Without any pictures, print exactly the lines that run from the start of the data through the line containing "COUCHTISCH rechteckig Weiß".

DATASET CONTENT =>
⁂
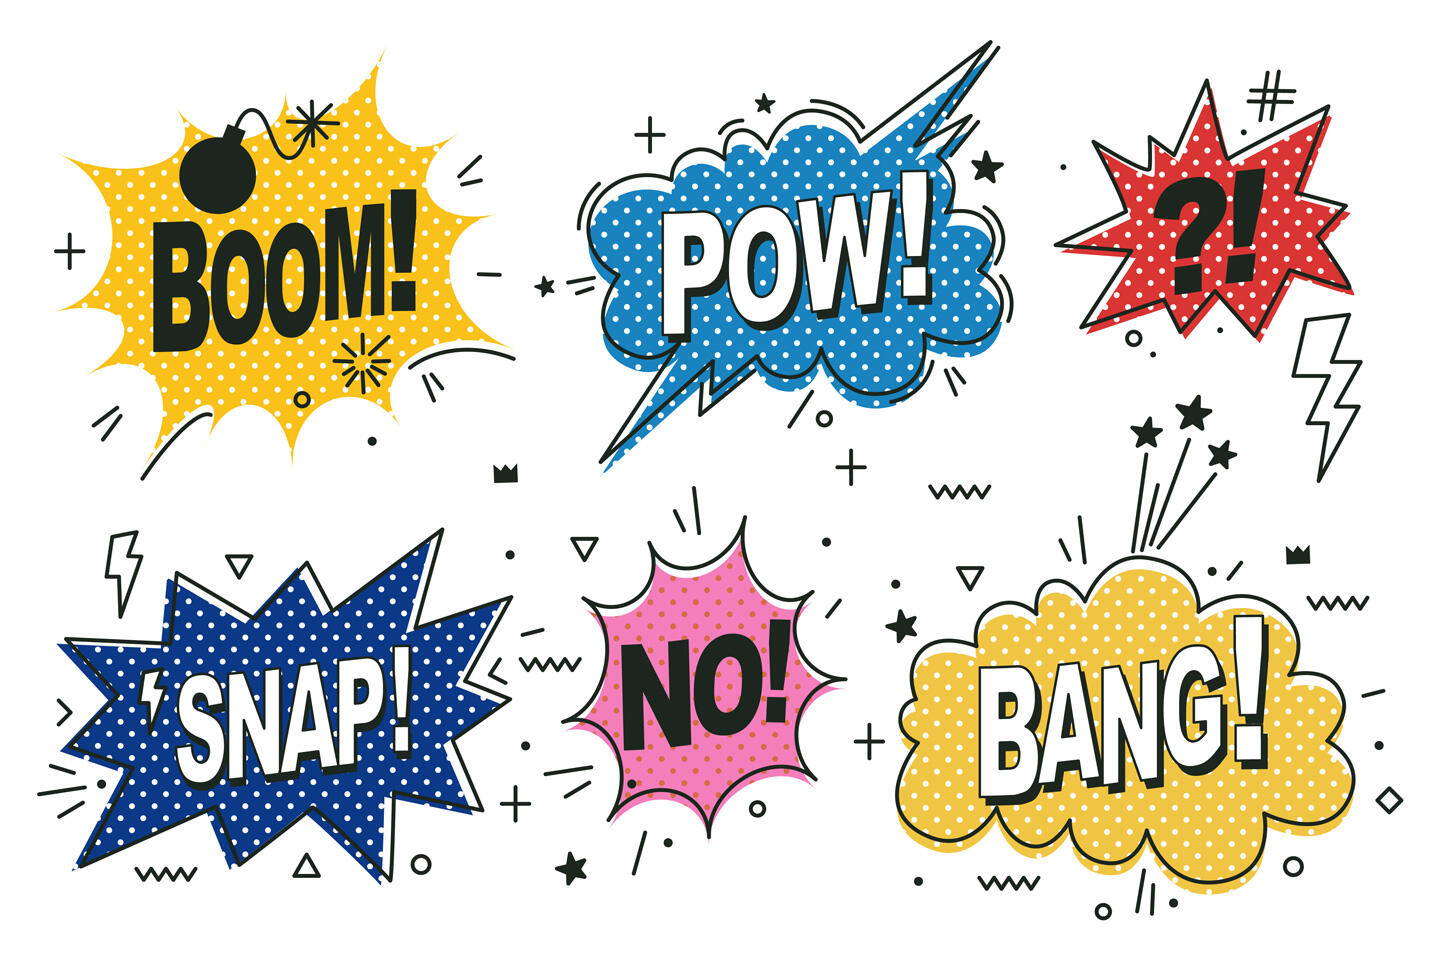 Verschiedene Sprechblasen im Comic-Stil mit Wörtern wie "BOOM!", "POW!", "SNAP!", "NEIN!" und "BANG!" in lebendigen Farben und Mustern aus Punkten, Sternen und Blitzen, die die Energie und Lebendigkeit von Comics vermitteln.
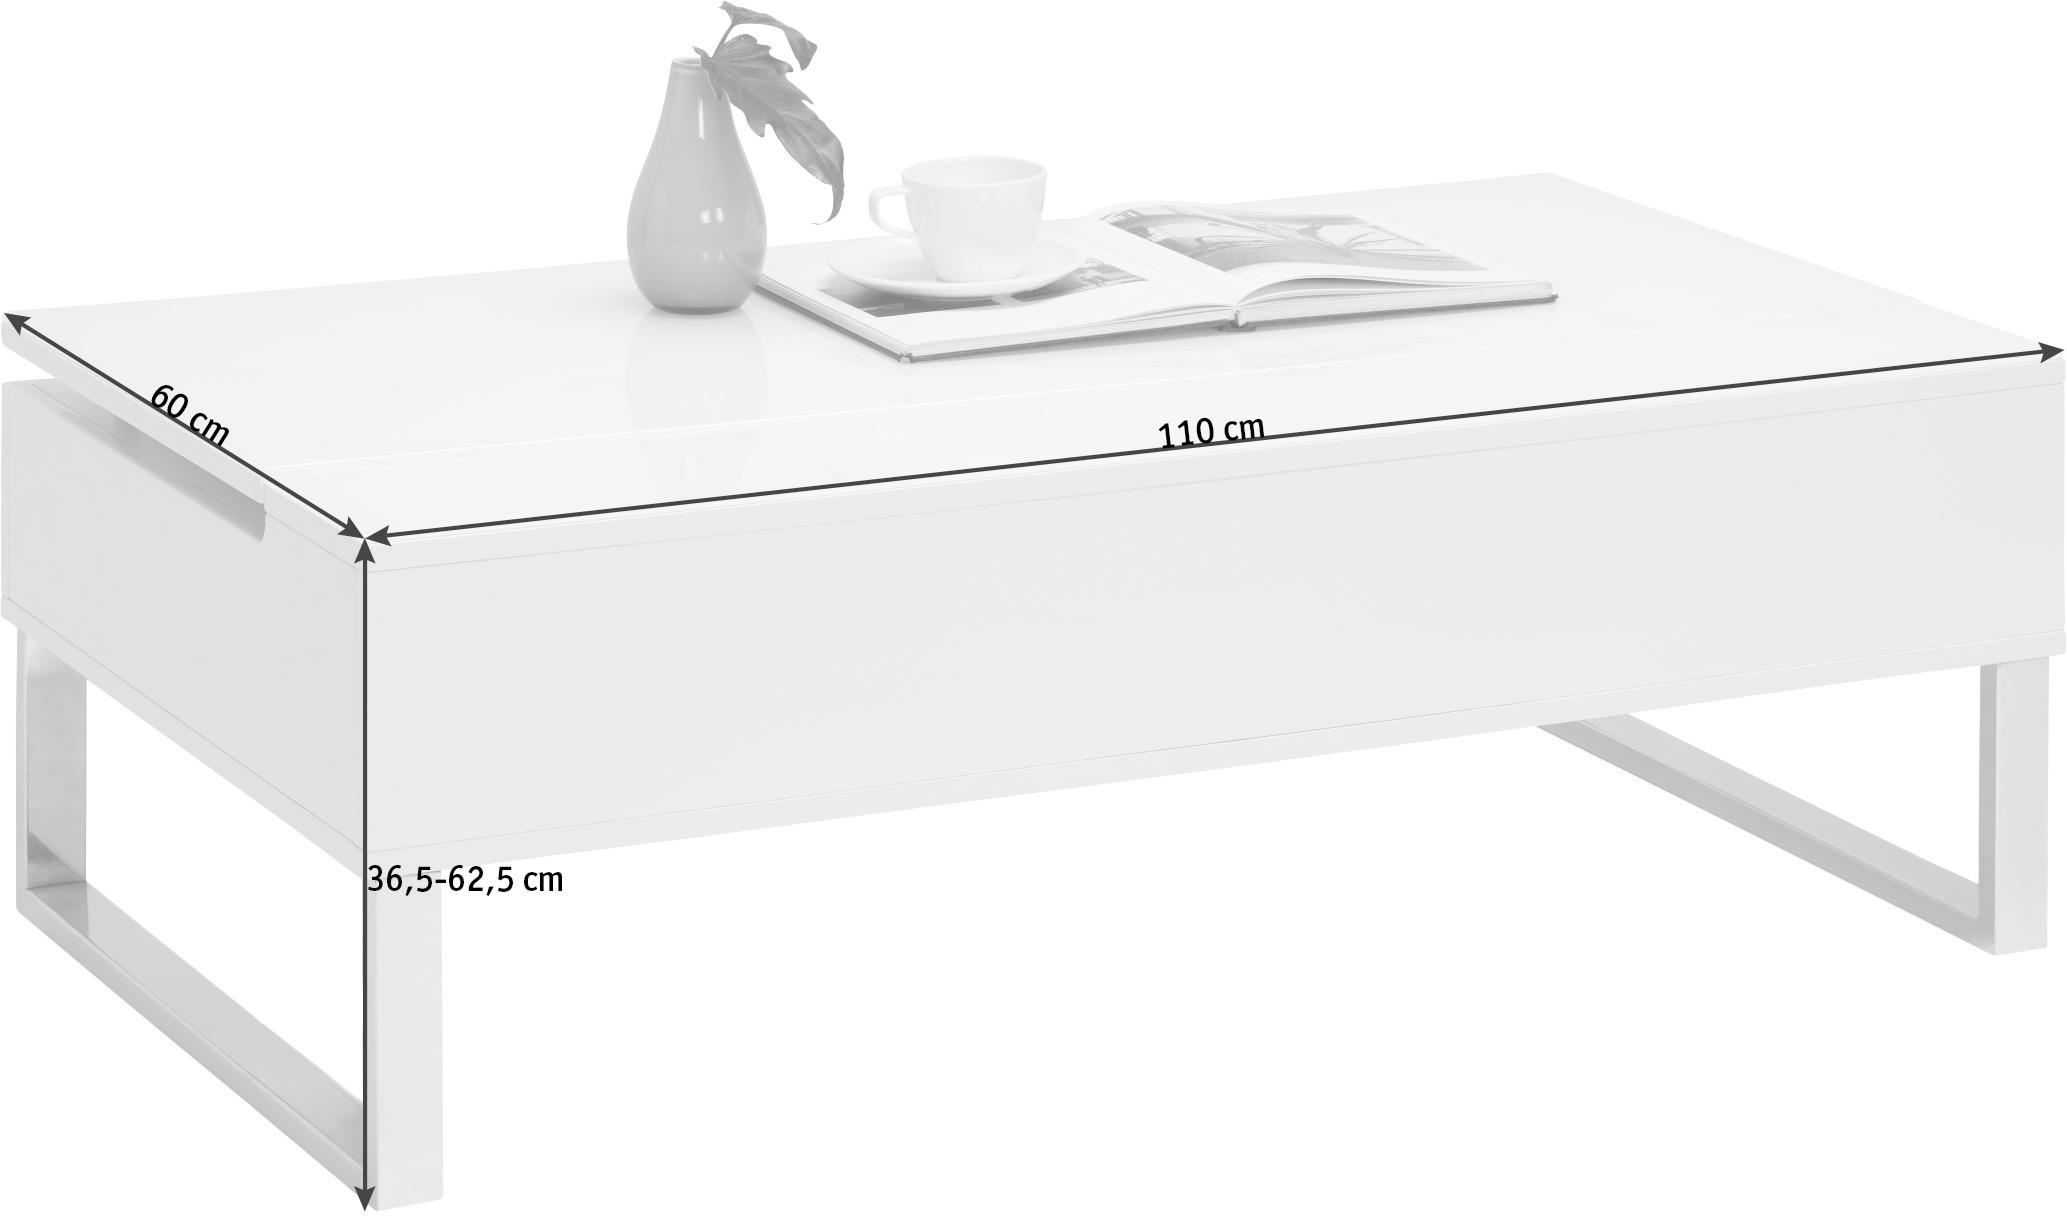 COUCHTISCH rechteckig Weiß  - Silberfarben/Weiß, Design, Glas/Metall (110/60/36,5-62,5cm) - Xora
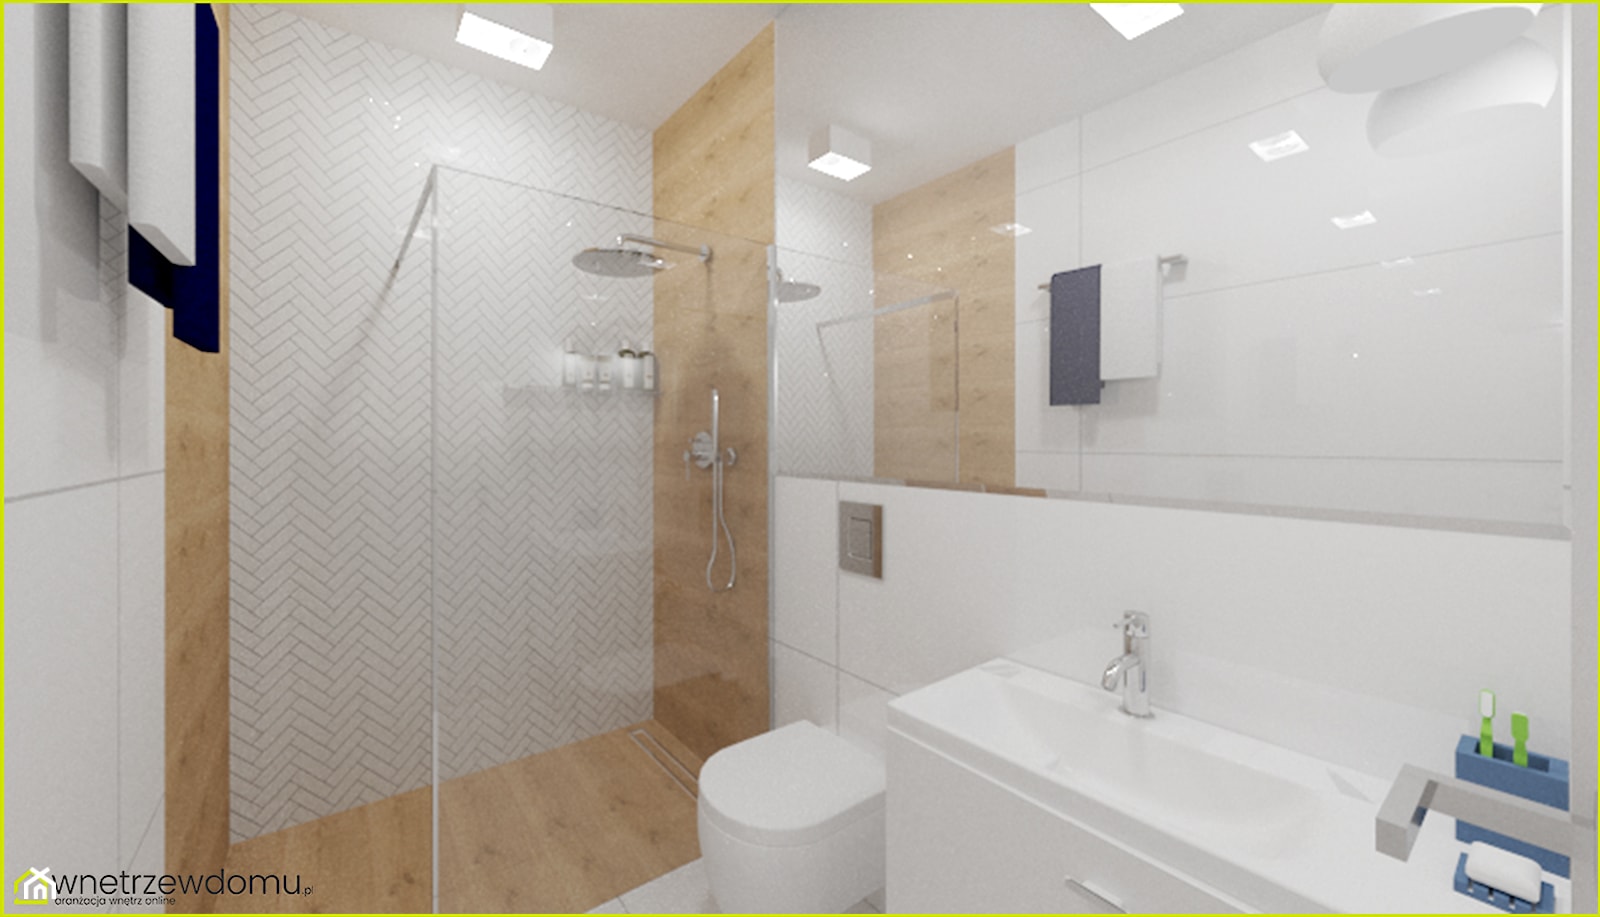 2,5-metrowa łazienka z prysznicem - zdjęcie od wnetrzewdomu - Homebook
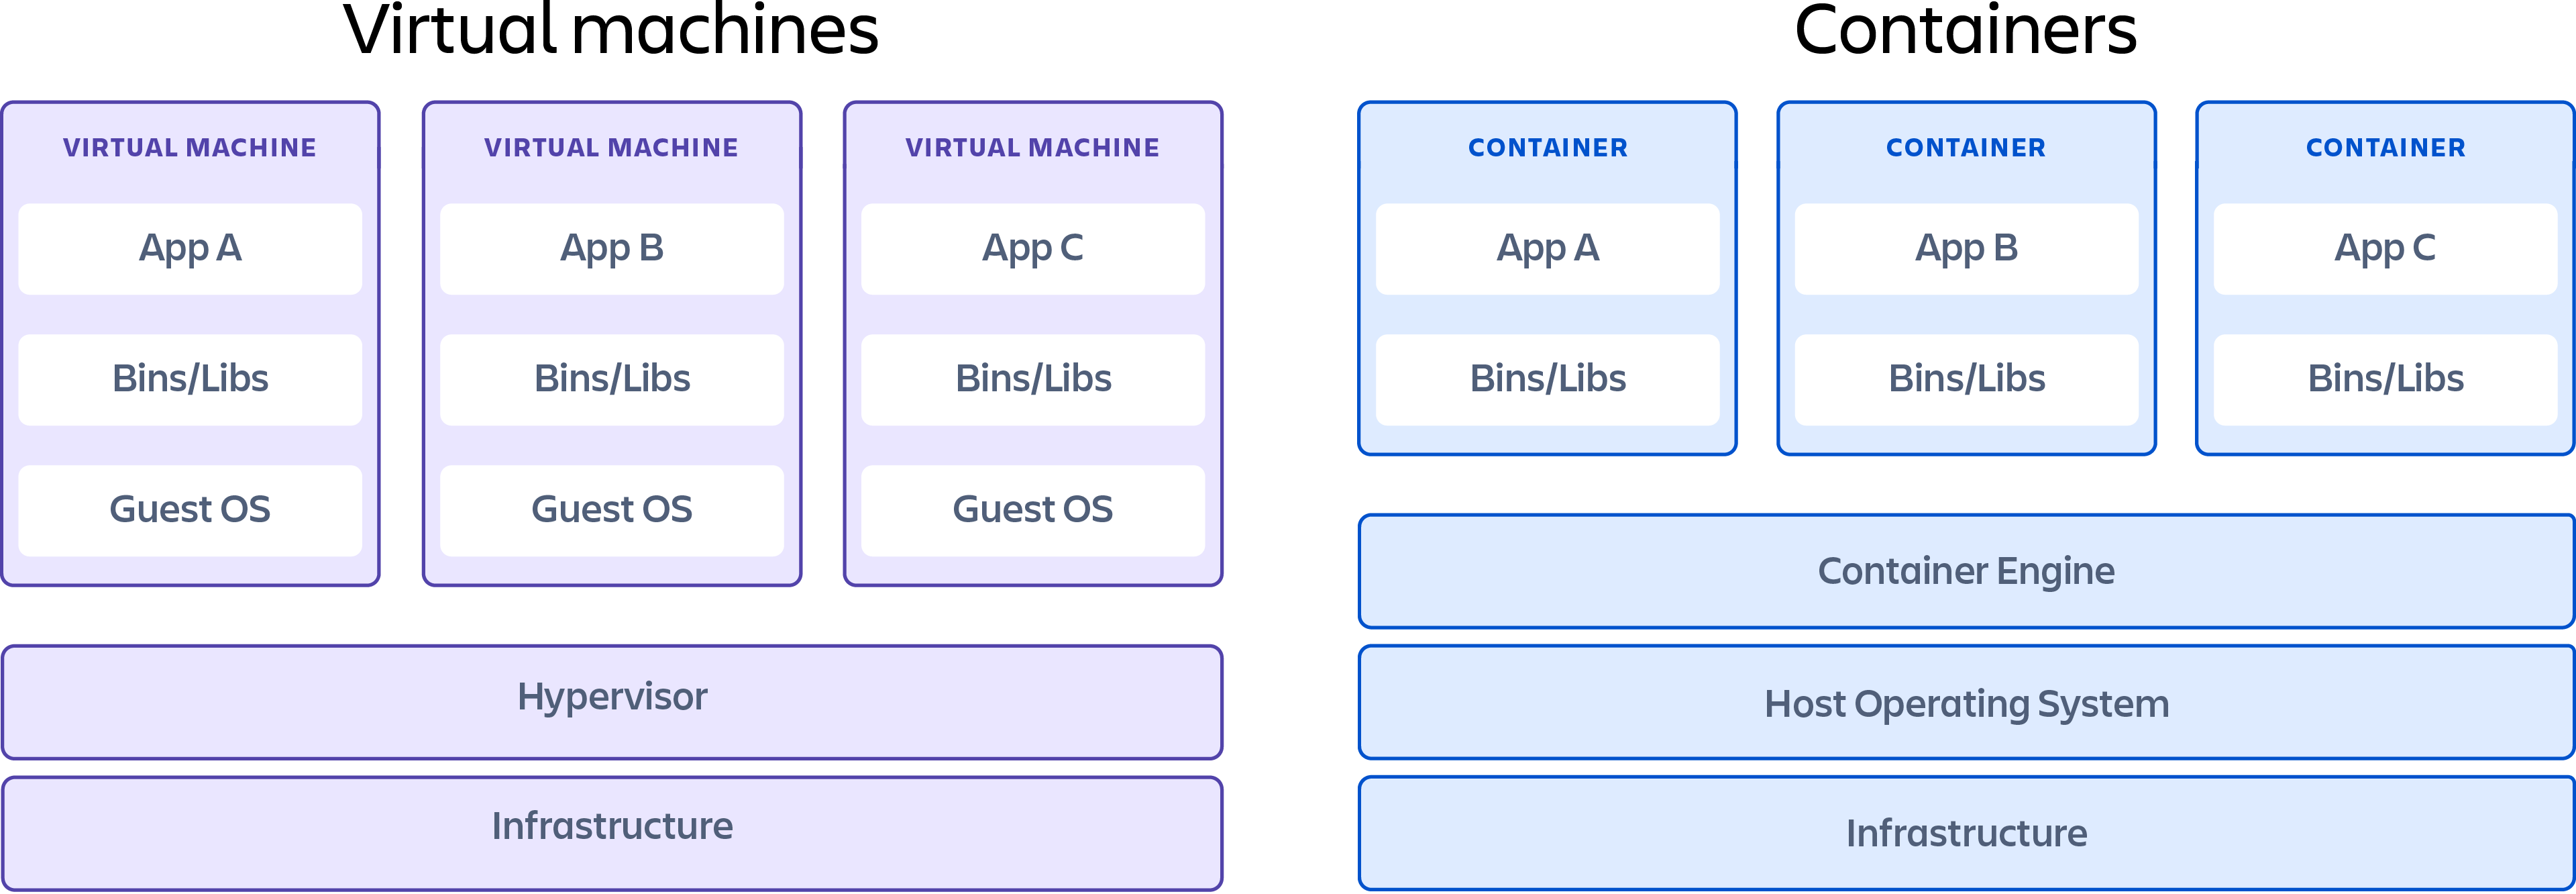 Ein Container, der die Unterschiede zwischen Virtual Machines und Containern zeigt
⁂
WRITTEN SOLUTION =>
 Verschiedene Sprechblasen im Comic-Stil mit Wörtern wie "BOOM!", "POW!", "SNAP!", "NEIN!" und "BANG!" in lebendigen Farben und Mustern aus Punkten, Sternen und Blitzen, die die Energie und Lebendigkeit von Comics vermitteln.
 COUCHTISCH rechteckig Weiß  - Silberfarben/Weiß, Design, Glas/Metall (110/60/36,5-62,5cm) - Xora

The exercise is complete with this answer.